This study investigates majority-vote dynamics on geometric inhomogeneous random graphs (GIRGs), a model of heterogeneous spatial complex networks where opinion coexistence often persists instead of converging to global consensus. Combining large-scale simulations with mean-field theoretical analysis, the work provides the first rigorous proof that opinion interfaces admit a stable, nontrivial limiting distribution in the mean-field sense. By constructing an interfacial mean-field model, the authors elucidate how the underlying network geometry suppresses coarsening and stabilizes localized opinion domains, thereby sustaining diversity. These findings establish a rigorous mathematical foundation for understanding how geometric structure in complex networks underpins the persistent coexistence of multiple opinions observed in real-world social systems.
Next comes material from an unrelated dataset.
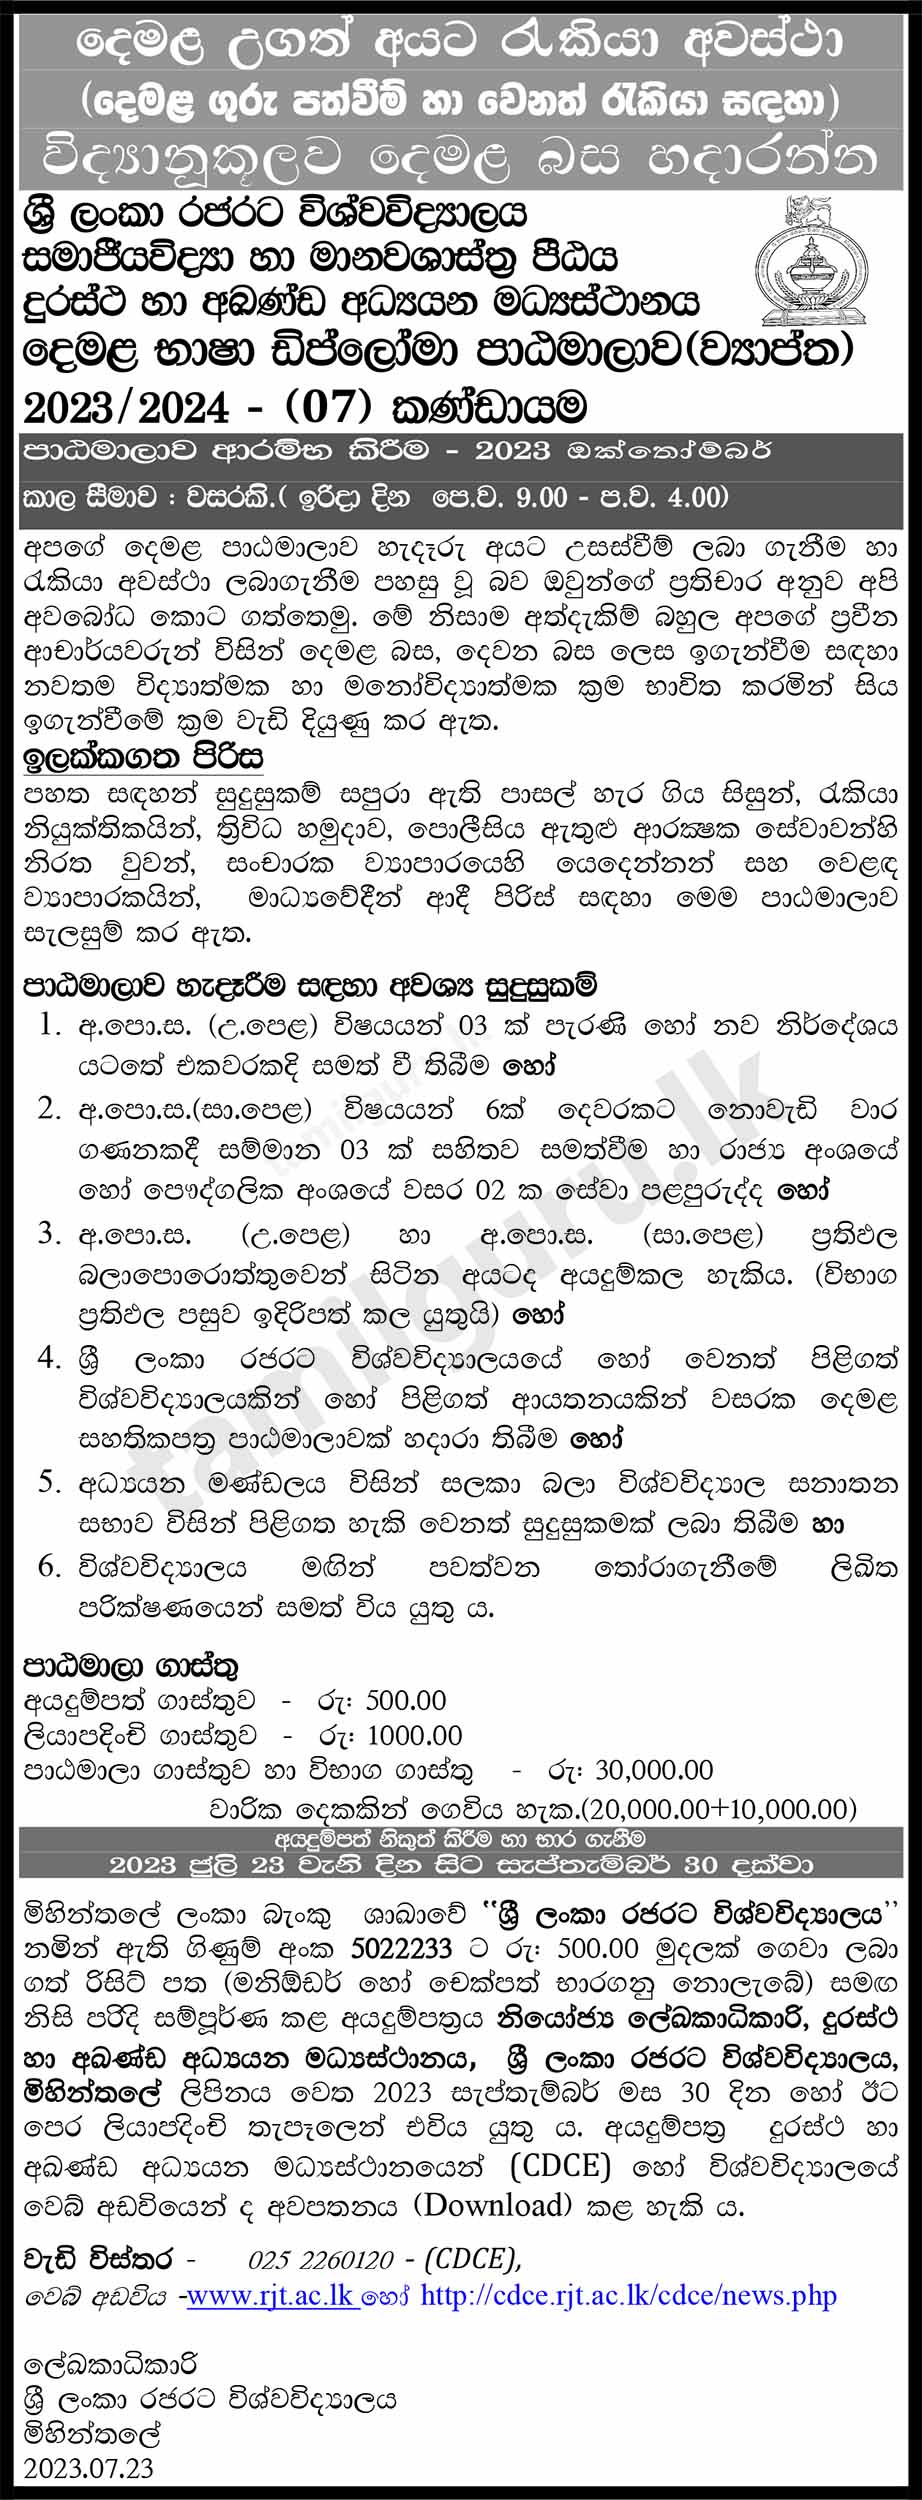 Diploma in Tamil Language 2023 - Rajarata University of Sri Lanka (RUSL)

We investigate majority-vote opinion dynamics on Geometric Inhomogeneous Random Graphs (GIRGs), a powerful model for spatial complex networks. In contrast to classic coarsening dynamics where a single opinion typically achieves global consensus, our simulations reveal that sufficiently large, localized opinion domains do not disappear. Instead, they stabilize, leading to a persistent coexistence of competing opinions. To understand the mechanism behind this arrested coarsening, we develop and analyze a tractable mean-field model of the interface between two opinion domains. Our main theoretical result rigorously establishes the existence of a stable, non-trivial limiting distribution for the interface profile in a mean-field analysis. This demonstrates that the boundary between opinions is stationary, providing a mathematical explanation for how complex network geometry can support robust opinion diversity in social systems.